When I got up this morning at 5.30am (thanks, Eleanor) and stood grumpily in the dark kitchen I looked out the window and was amazed by the moon. I can tell you that the moon at 5.30am in Berhampore, Wellington was a full, huge, luminous disk and the acne scar shadows on its surface were clearly visible. I can tell you that most of the rest of Berhampore was not up admiring this, and that it was cold when I went outside to get a better look, and the streets were silent: streetlights illuminating parked cars across the valley.
I am tired. Not because I got up at 5.30am, but because I am working. Too tired or busy to write blog posts, or comment on blog posts, or read a book. I was writing another post but it didn’t seem to want to finish itself, and I got distracted by this photo.
Ordinary things become evocative. I’m not sure why we take so many photos of extraordinary things, because most of the photos that I linger over from the past are inconsequential snaps of people in the midst of life. Like this photo of me in my bed from 30 years ago.
Compare it to this photo:
This is a photo of a special occasion. It was taken at my ninth birthday in 1982. I think this was one of my birthdays at Greta Point. What I enjoy about this photo now is the look on my friend’s face (also, his shirt is pretty rocking). Actually, I think that today is his birthday. (Happy birthday, bro. You’re a good-looking fellow now, but you were a lot cuter 30 years ago.)

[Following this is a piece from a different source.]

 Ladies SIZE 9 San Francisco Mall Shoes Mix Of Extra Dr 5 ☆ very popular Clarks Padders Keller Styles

The main difference between the two photos is that the first one is hugely, personally evocative, and the second one is a record of an event. I think this is because the first one is a symbol. While it is just one photo of one moment, it comes to represent the thousands of hours I spent sleeping there, and all the dreams, and nightmares, and the falling in and out of sleep in that bed, in that place.
I had that bed for a long time. Perhaps 15 years. It really wasn’t very good. The frame was pretty cool, but it was built in the days before bed makers had realised they could make you buy a far more expensive bed by showing you pictures of spines and necks and magnetic underlays and all that (mostly) crap. It had a thin foam mattress on top of a kind of metal net attached to the frame by springs. There was a roller bed underneath, and by the time my bed was in its fifteenth year the springs had given up, and I was essentially sagging down so far I was sleeping on the roller bed underneath.

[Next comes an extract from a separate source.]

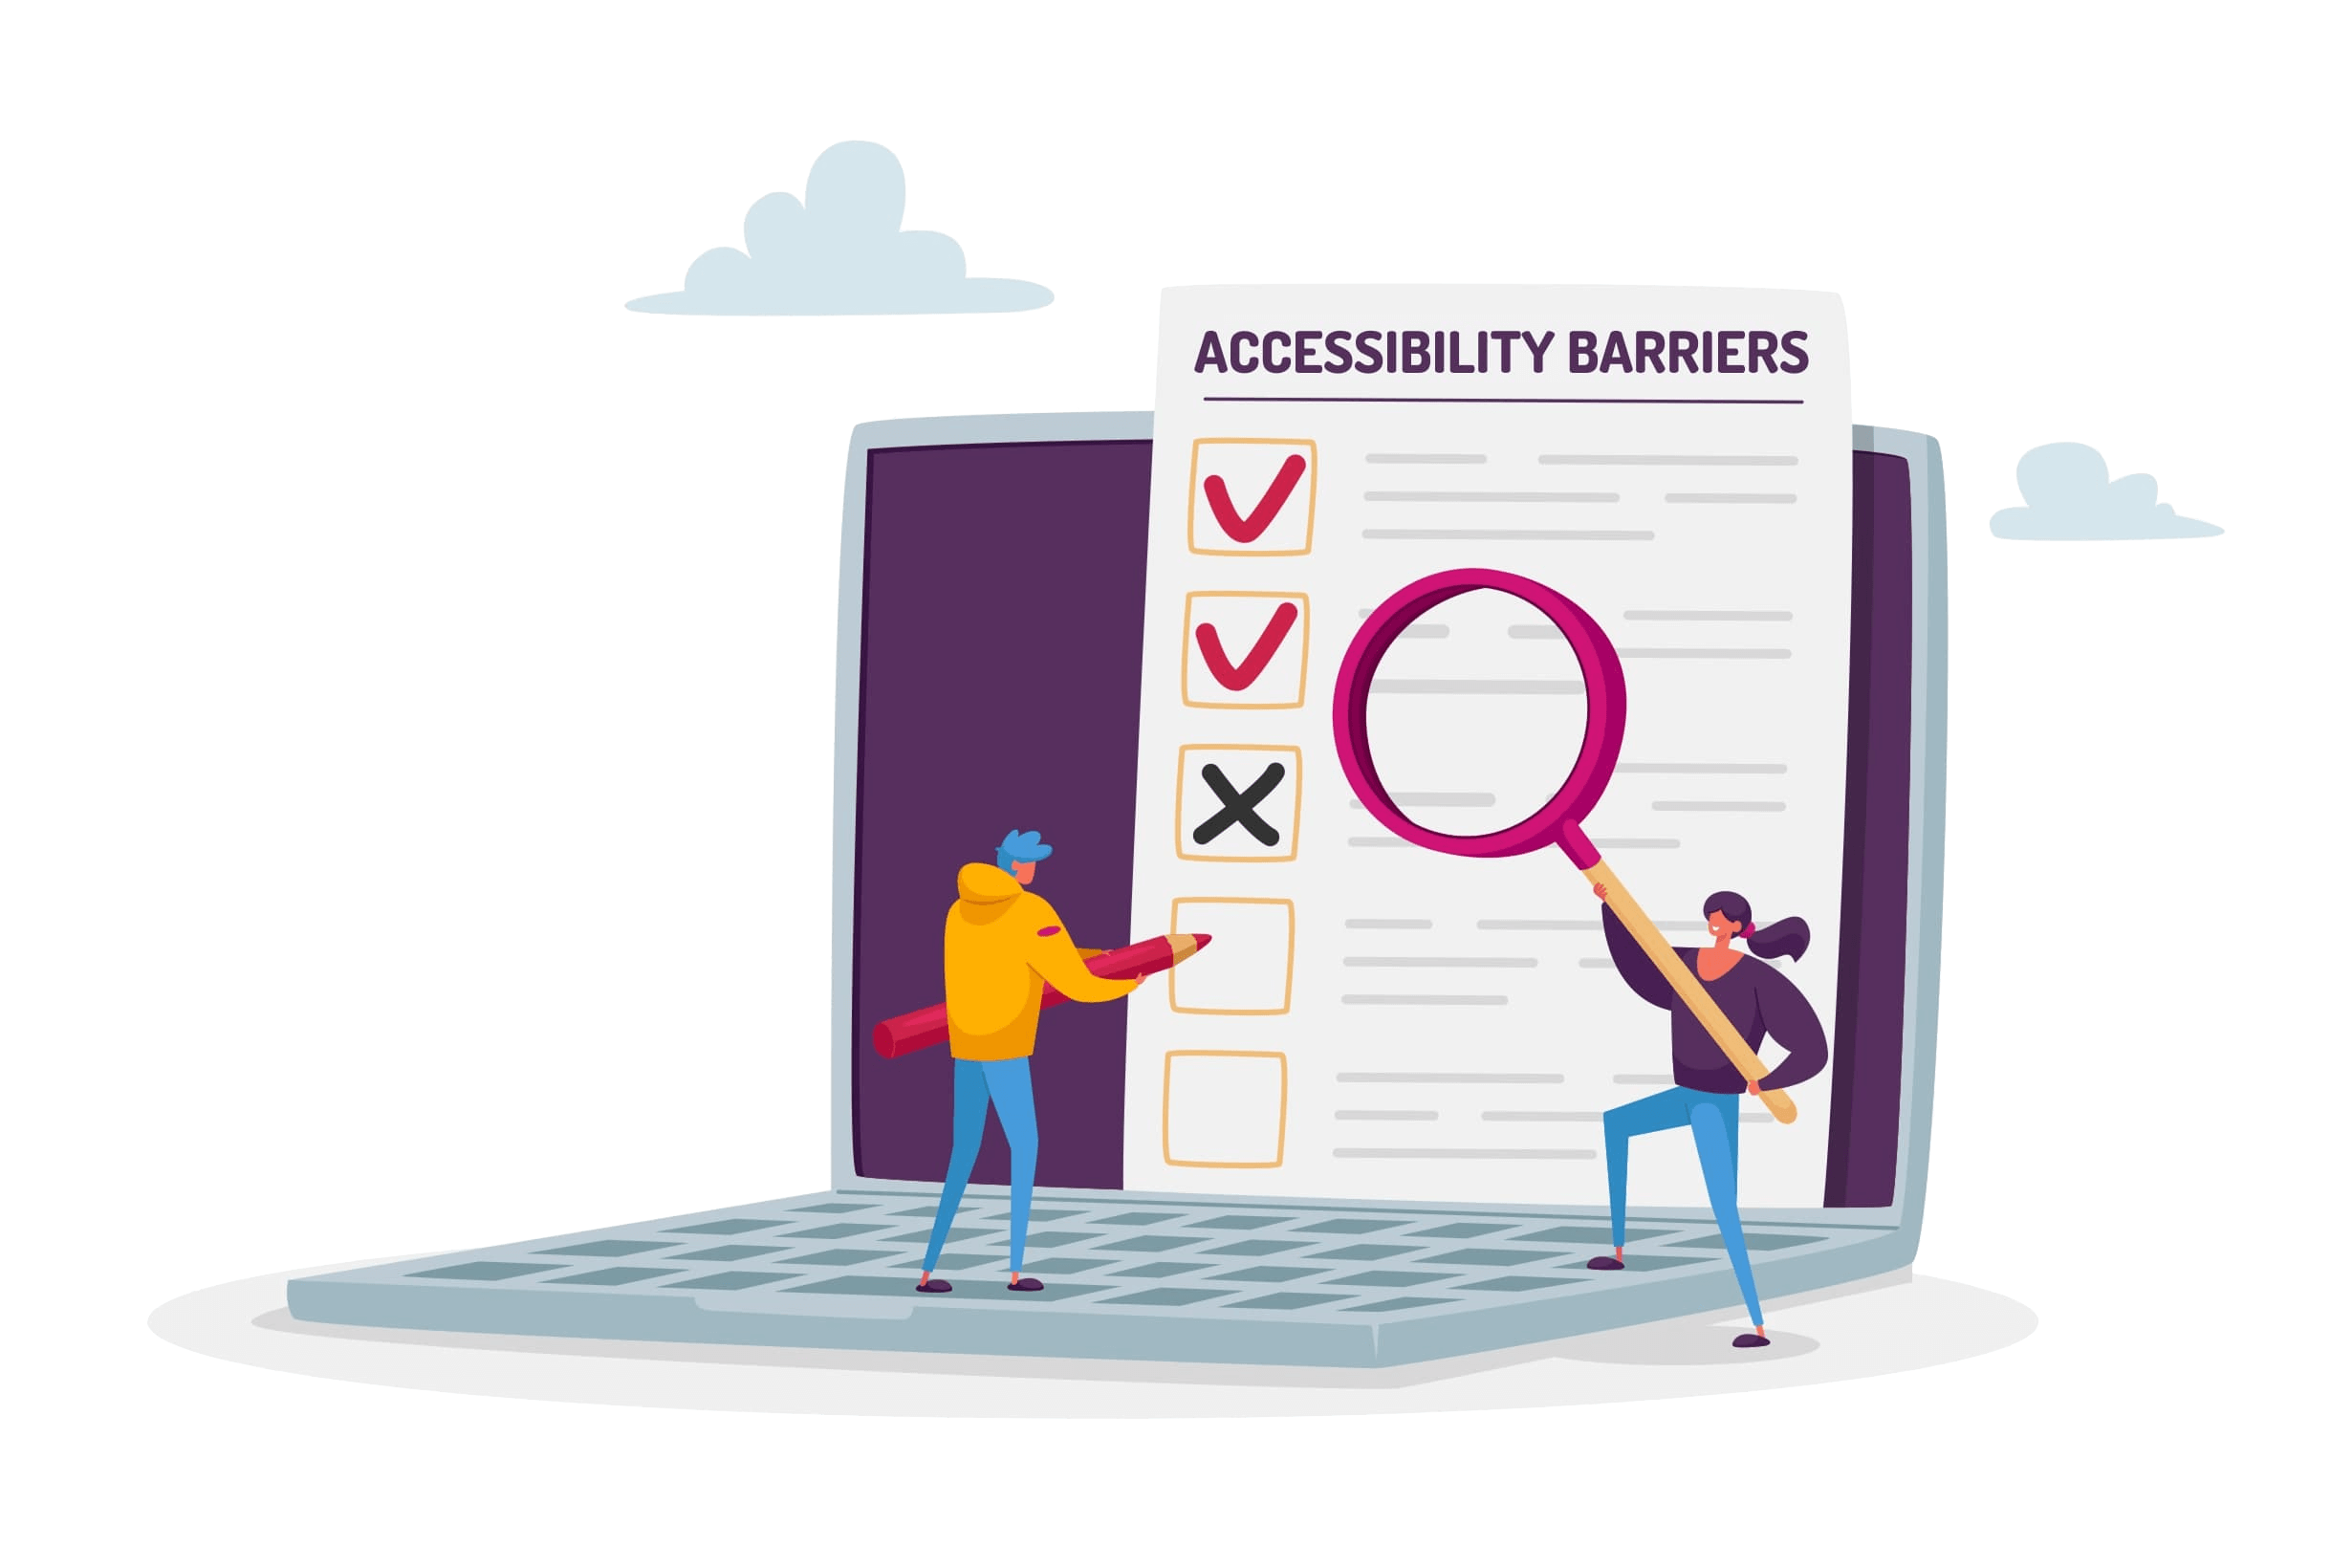 ACCESSIBILITY BARRIERS

Not that it mattered of course. I was very happy with my bed, and the thin, striped duvet (Google translate: bedcover thingy). Of course being a nine-year old boy I was also happy with the huge Pink Panther, and I can tell you that the little panda, dog toy had incredibly soft fur. The orange book in the pocket above my head (so handy), was called So You Want to Play Wargames? The answer to that question, by the way, was: “yes, but it’s too fiddly, and I don’t have any money, and do we have to measure everything with a ruler can’t we just set up two armies and biff lego at each other?”

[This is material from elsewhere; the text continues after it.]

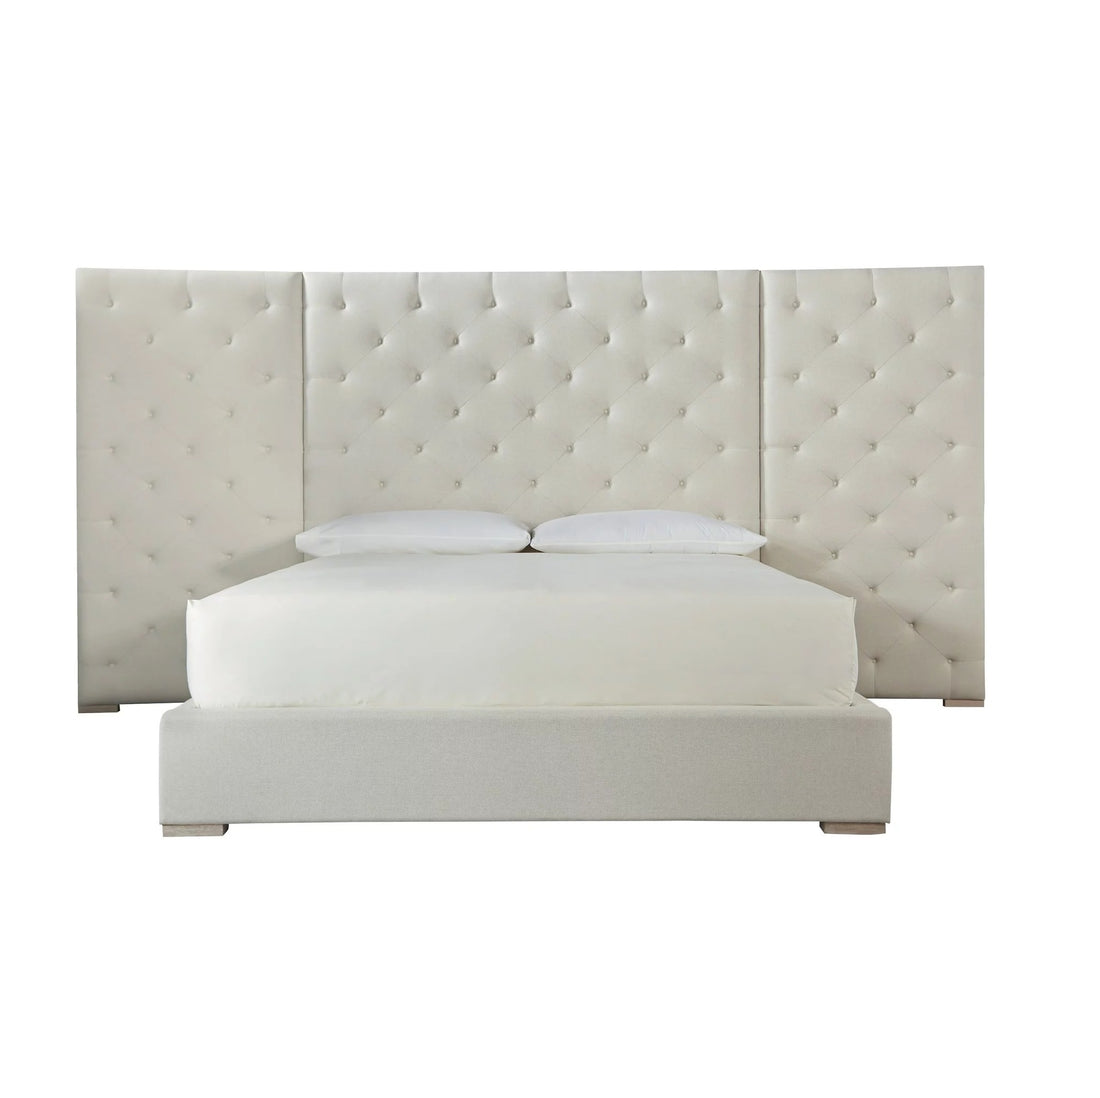 MODERN BRANDO KING BED WITH PANELS

Amazingly, in this photo I seem to have something written on my hand. I have something written on my hand now. It’s how I manage my life. Other people graduated to planners and i-phones, I write things on my hand. My hand system is feeling the strain now that people tell me increasingly important things, but I don’t think I will ever change. In fifty years I will still be using this system. On my hand I will write my name so I remember who I am.
So I remember who I am.
When I was at university our lecturer once explained this idea that our identity is a really a series of rapid repetitions of the same statements, like a film flickering on the back of the inside of our heads. It seems to be the same thing over and over, but like a time-lapse film of a flower you are constantly in flux. Always the same, always involved in change.
I am the boy in the photo.
If I turned to my right in that photo I could see the bedroom door, and behind that door was the rest of the first house that I can really remember. Sometime in 1982 my Gran came to visit this house. If I could go back to 1982 I might choose to go back and get out of bed and see my Gran again. Perhaps disturb her reading a book in the living room.
Or perhaps I would go upstairs and sit at the table and have breakfast with my mother.
I am not the boy in the photo.
I’m the bald, bespectacled teacher, husband, father of two daughters. Two daughters who are busy building their store of childhood memories. Of getting up for breakfast in the dark, and coming across your dad standing in the kitchen looking at the moon.
What is he thinking?
He’s thinking about the concrete wall next to his bed when he was a kid. He’s remembering that it had lots of tiny air bubbles in it. How he spent many nights after the lights were out and his eyes had adjusted to the dark tracing patterns or imagining other places. Imagining what he would be, what kind of star, what kind of hero.
Imagining he was walking on the moon.